Edit: Eventually managed to fix it the issues.

There were some little things going wrong:
- The ROM code used the wrong pushed BP location for the base of the frame in the IVT handler.
- (Which caused the above bullet point) The video vector was written to the 0x10 th address instead of offset 40h inside the IVT (so into the 4th instead of 16th interrupt vector).
- The test ROM COM program (biosromexectest.asm) was setting AH, next updating DS or ES to CS(for the segment to read the string values from by the MS-DOS or video interrupt handler) using AX as an intermediate (thus writing 2000h (CS) into the register incorrectly).
- Finally, the INT21h "rep scasb" was using ES (as it should), which was pointing to whatever the program was using (the program's data segment supplied by the BIOS ROM, which is 3000h), even though it used DS to supply the INT21h string. The "rep scasb" was thus scanning through a VERY large memory chunk (about 64KB) or memory, causing UniPCemu to start becoming unresponsive due to the extremely large (256KB already) string being generated for the many memory accesses to pretty much the entire 64KB area (except for the first 130h-ish bytes, because that's where the string is supposed to start according to DI).
Other than UniPCemu apparently cannot logging such a huge chunk at once (over 32K memory addresses being logged into a single huge 256KB string at the point I noticed it happening!), it was obviously scanning the wrong memory area (because of improper ES segment being used).
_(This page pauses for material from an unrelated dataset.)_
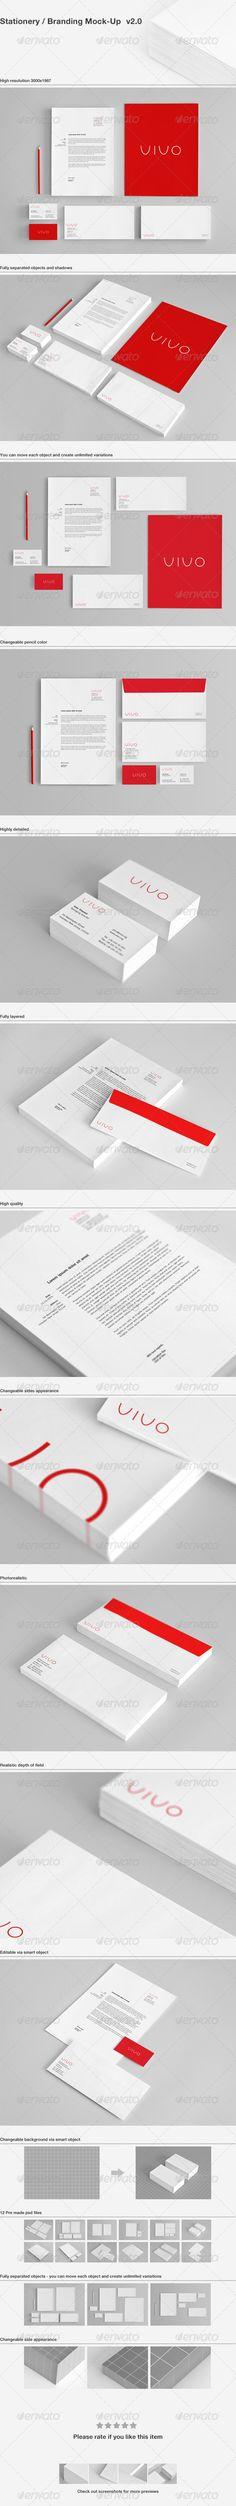 Stationery / Branding Mock-Up Download  here: https://graphicriver.net/item/stationery-branding-mockup/2017868?ref=KlitVogli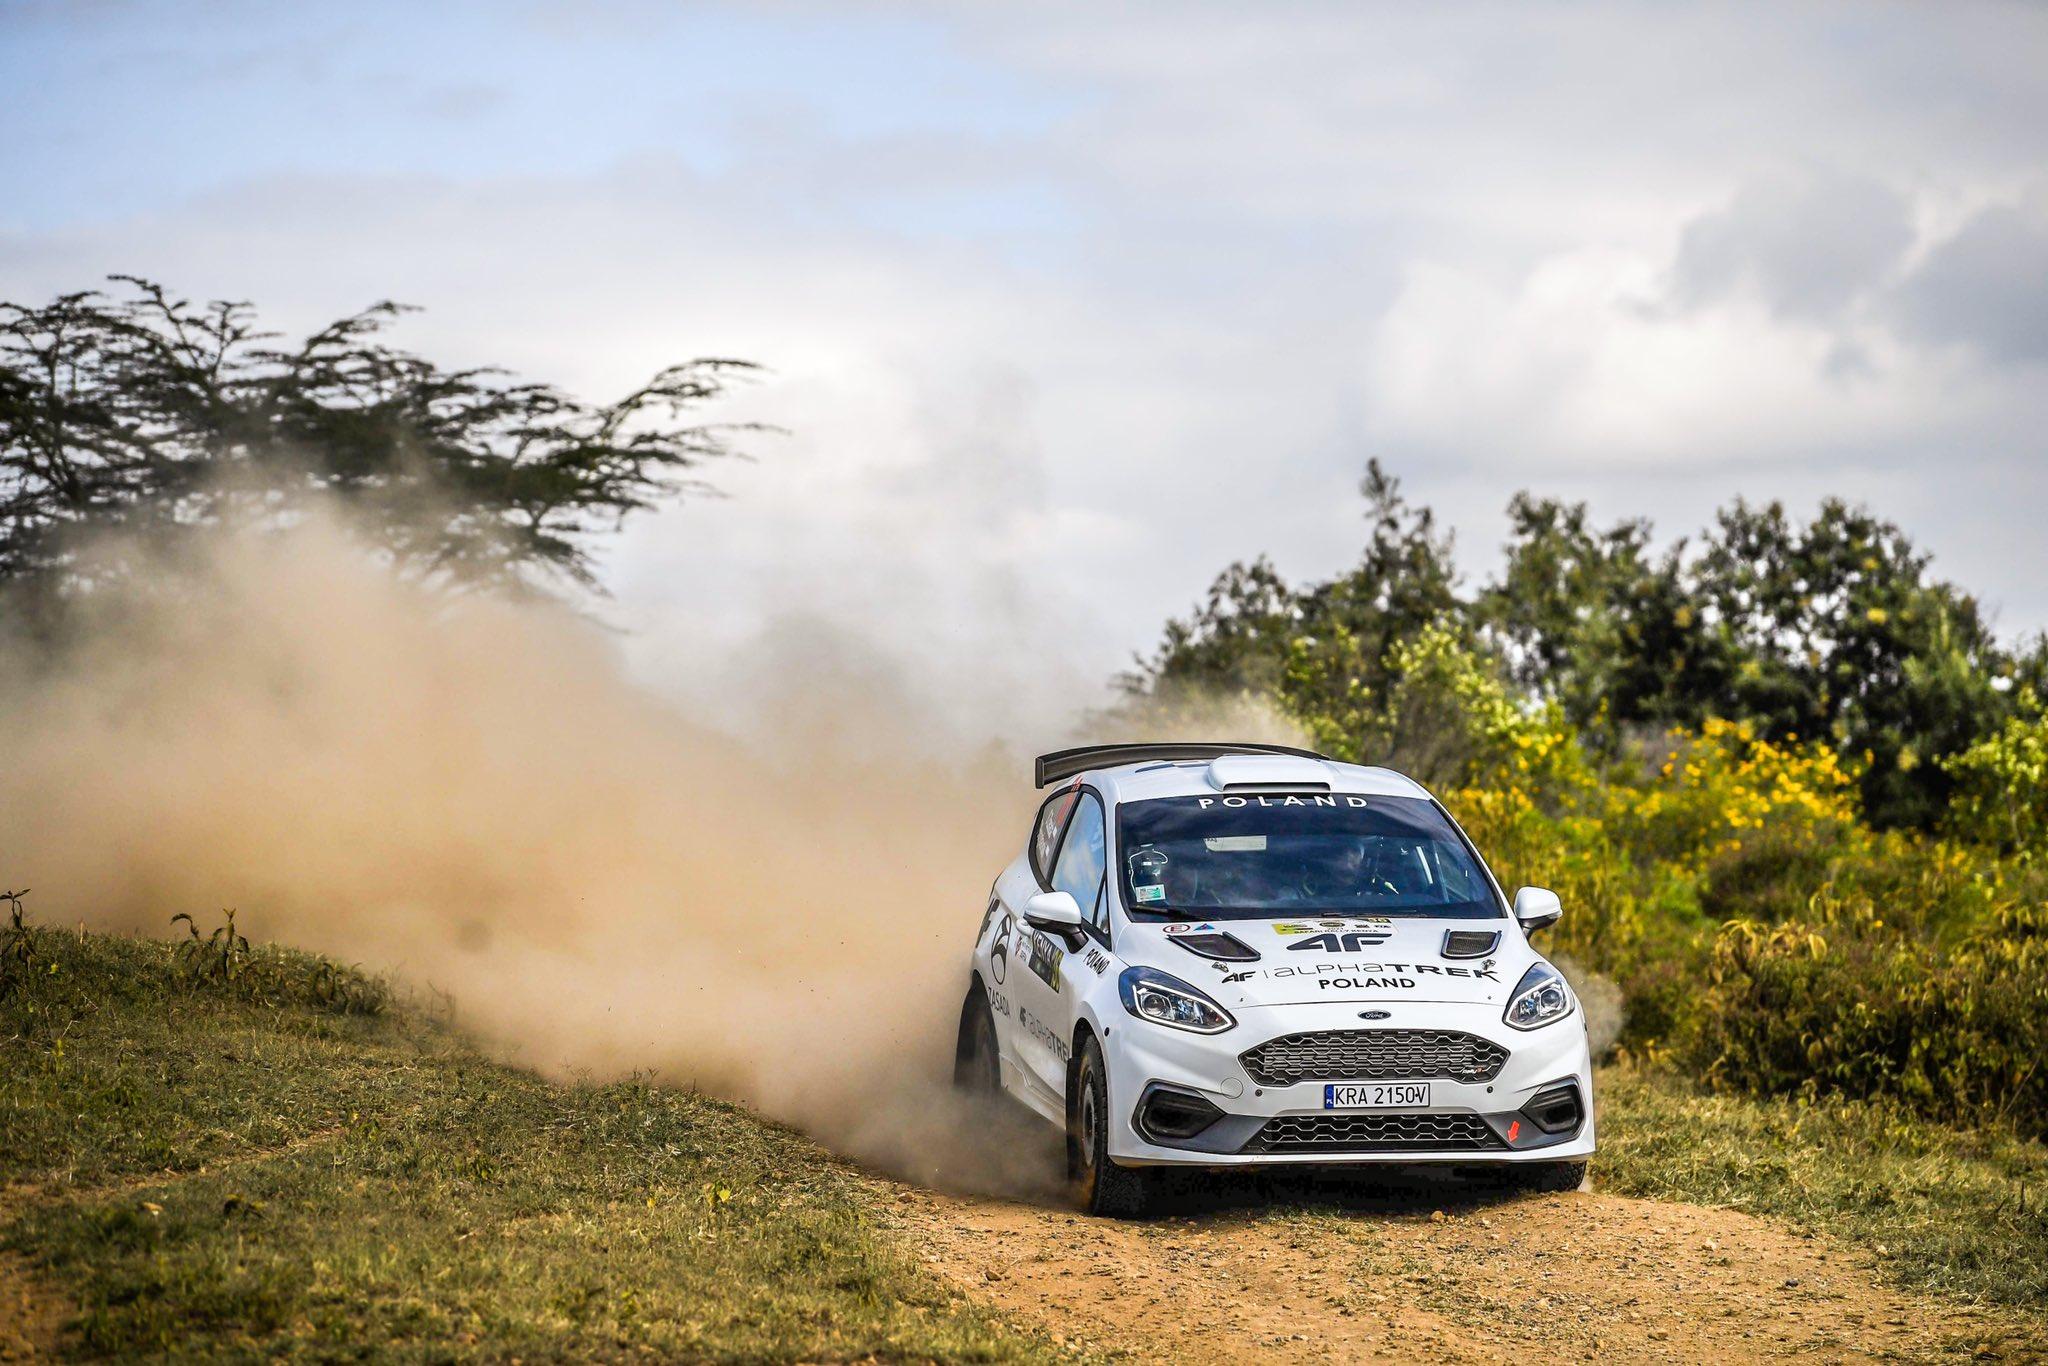 WRC: Safari Rally Kenya [23-27 Junio] - Página 6 E45eVv0WUAI7CEm?format=jpg&name=large

Having fixed that, the test ROM (that tests all BIOS function calls (biosromexectest.asm)) as well as your example ROM (not the 8088 MPH one, but the xtce_trace.zip 's test.com file) run fine with the BIOS COM ROM I've made so far (biosromexec.asm).

The assembly files I mentioned can both be found within UniPCemu's assembly folder.

The logging functionality of the INT 21h function 02/06/09 and INT 10h function 0E/13 is limited to the Bochs E9 hack though.

And when the BIOS ROM gets the command to terminate the app (INT 21h function 4Ch, INT 20h or RET (which jumps to 2000:0000, which contains an INT 20h instruction, placed there according to MS-DOS PSP header specs (that's all that's in the PSP atm though)), it will check for presence of UniPCemu (using the port E9 hack reading functionality (if reading E9h from port E9h it's considered present). Then if the port E9h is present, it will read I/O port EAh (specific to UniPCemu) to read the identifier string (ending with FFh) to reset it, read it again until encountering FFh and buffering it (so it has the whole string in memory). Then it write said string to the port E9h hack (this won't get logged, as UniPCemu recognises it to enter command mode on port EAh), then uses the EAh port to terminate the emulator. If an empty string is read (which happens when the port isn't present, as the bus floats), it will detect UniPCemu not present. If UniPCemu isn't detected present (other emulators) or the command to terminate UniPCemu errors out for whatever reason (usually the case on older builds, as they don't implement the new command (it's only just implemented in the latest commits)), it will fallback onto a plain CLI HLT combination to stop the CPU execution instead (Which requires the user to manually close the app once the user notices that it isn't doing anything anymore or the speed becomes ridiculously high (because the CPU is idling permanently)).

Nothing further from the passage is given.